Saturday, March 03, 2007

What Could Have Been Said: Backroom Political Deal in Alexandria to Deny Long Promised Environmental Mitigation

Advocates of more walkable and livable communities more or less free of the roar of interstate highway traffic noise suffered a major set back last December 16, when the Alexandria City Council voted in favor of a VDOT proposal to delete most of the Washington Street Urban Deck – a park covering of a portion of the I-495 Capital Beltway approach with a “lid,”

Long promised as an integral part of the Woodrow Wilson Bridge Project since the mid 1990s, the Urban Deck was to effectively encasing the highway and containing its noise, shielding neighboring communities from the traffic noise of an upwards of 16-17 lanes of traffic, including ramps immediately adjacent to such historic sites as that of Freedman’s Cemetery.

For about half a decade, the design on display was consistently an 1,100 foot long deck, extended from a canted western edge, extending easterly to a point immediately east of the nearest wing of what would be the nearest surviving Hunting Apartment Tower. (An earlier consideration took it about 100 feet further east, fully past that nearest tower.

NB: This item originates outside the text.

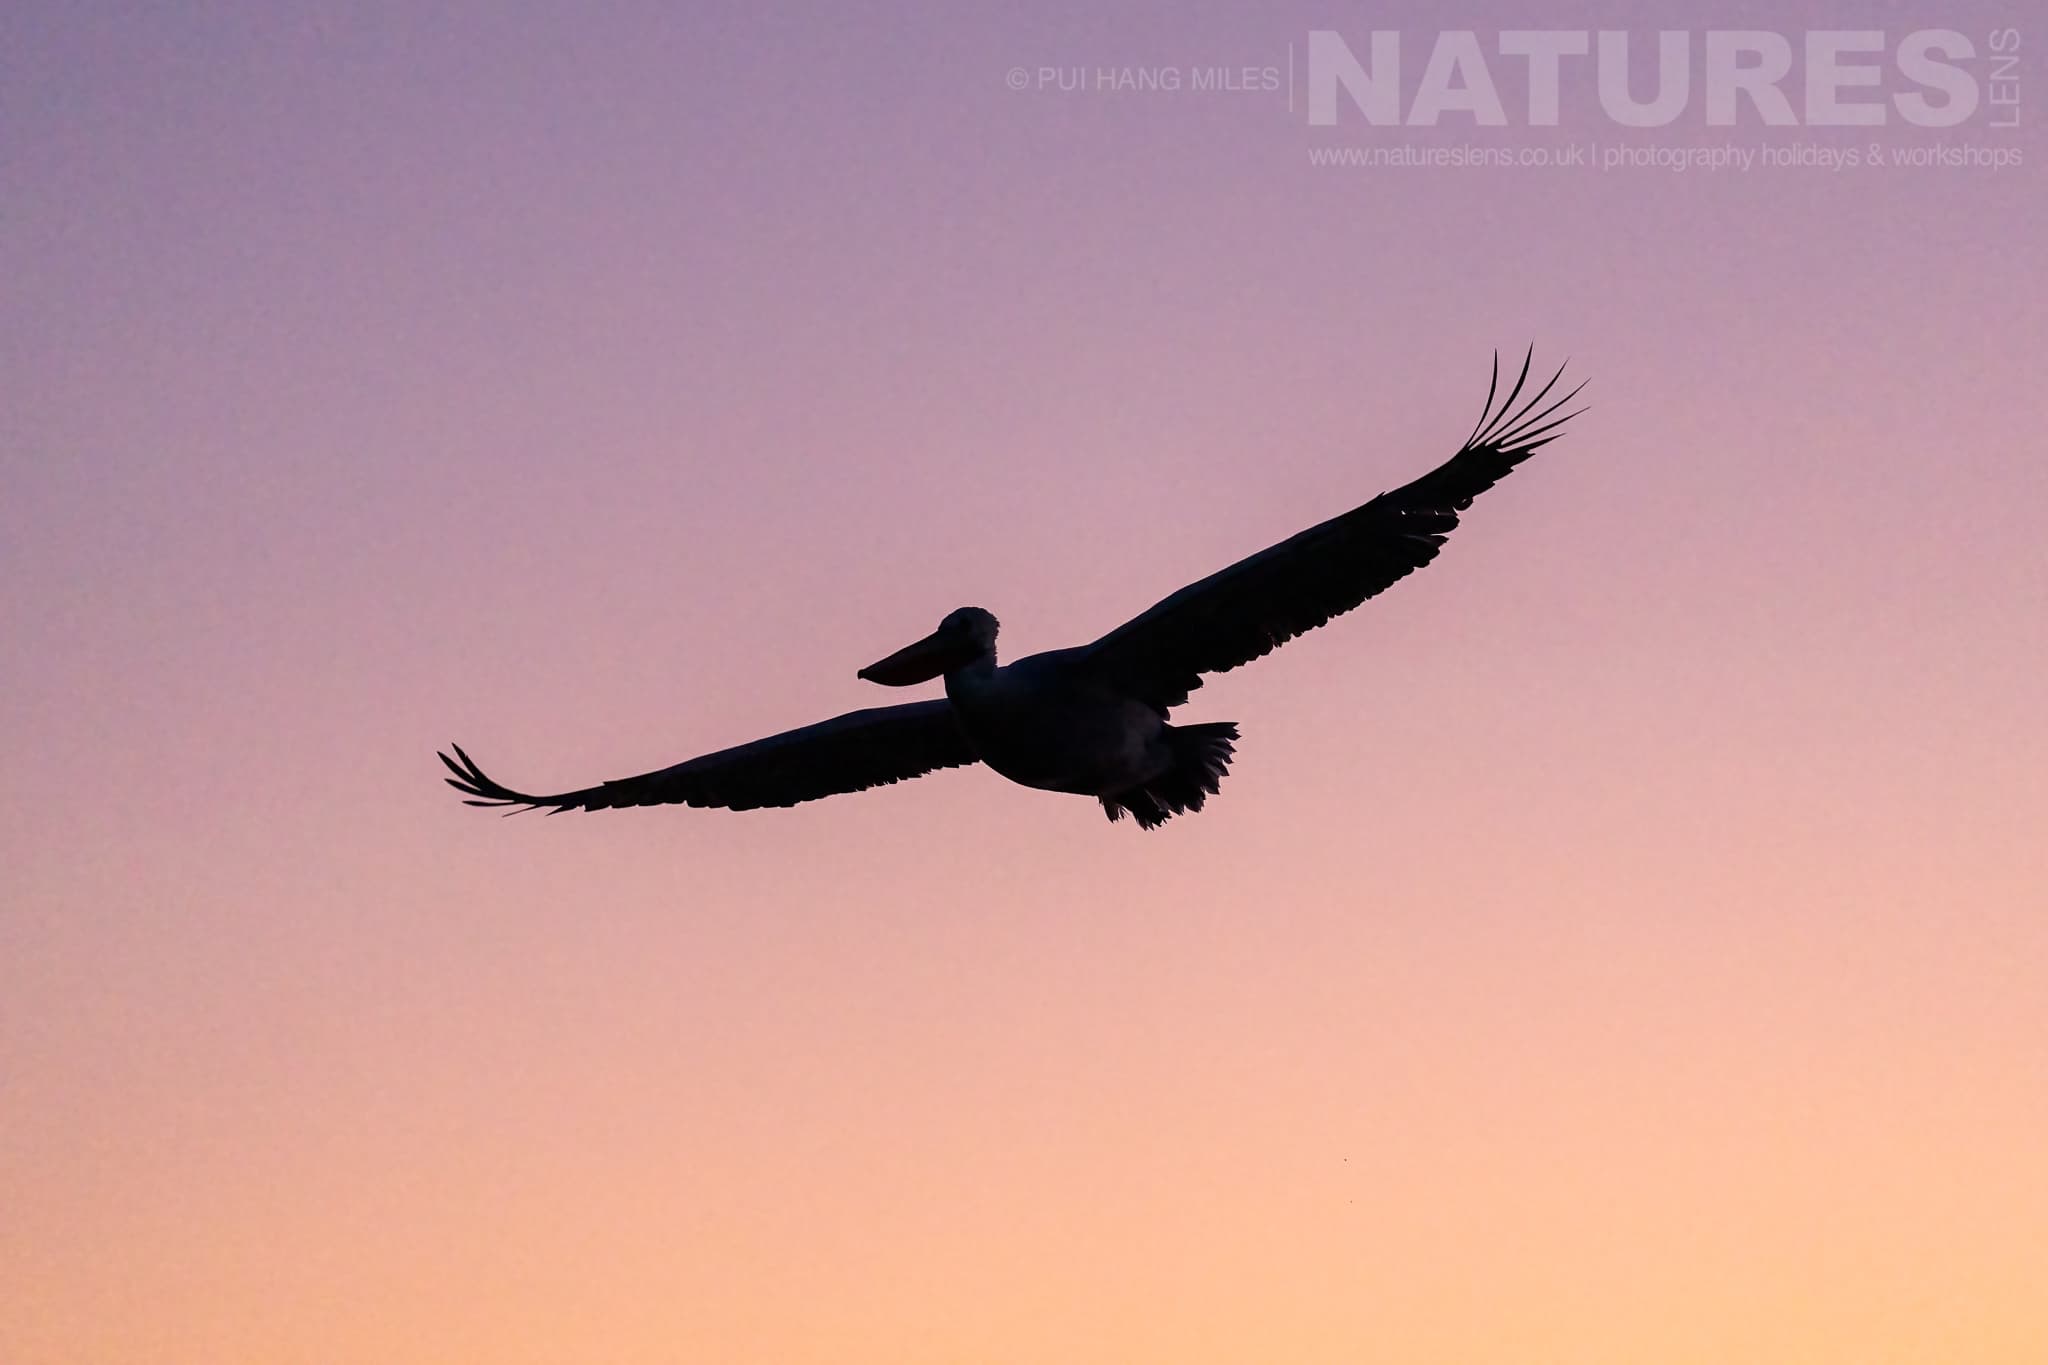 One Of The Pelicans Of Lake Kerkini Flies In The First Light Of The Day Photographed During A Natureslens Pelicans Of Lake Kerkini Photography Holiday

It leaves almost all of the two surviving feet away from 12-14 lanes of interstate highway, at that very portion where the grade rises/descends, hence creating greater traffic noise. Consideration is being given to a lawsuit for loss of property values; it is well established that property values go up as infrastructure goes down, Manhattan's 96th Street, where its Metro North trains transition from tunnel to bermway, is but one example.